> [WORK REQUIRED]
All of the data below is to be copied again without changes.

> [DATASET SECTION]
Start of Block

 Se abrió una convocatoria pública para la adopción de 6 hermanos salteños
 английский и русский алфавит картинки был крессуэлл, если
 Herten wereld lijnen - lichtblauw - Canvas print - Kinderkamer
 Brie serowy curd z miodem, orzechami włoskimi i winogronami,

End of Block

> [EXERCISE SOLUTION]
 Se abrió una convocatoria pública para la adopción de 6 hermanos salteños
 английский и русский алфавит картинки был крессуэлл, если
 Herten wereld lijnen - lichtblauw - Canvas print - Kinderkamer
 Brie serowy curd z miodem, orzechami włoskimi i winogronami,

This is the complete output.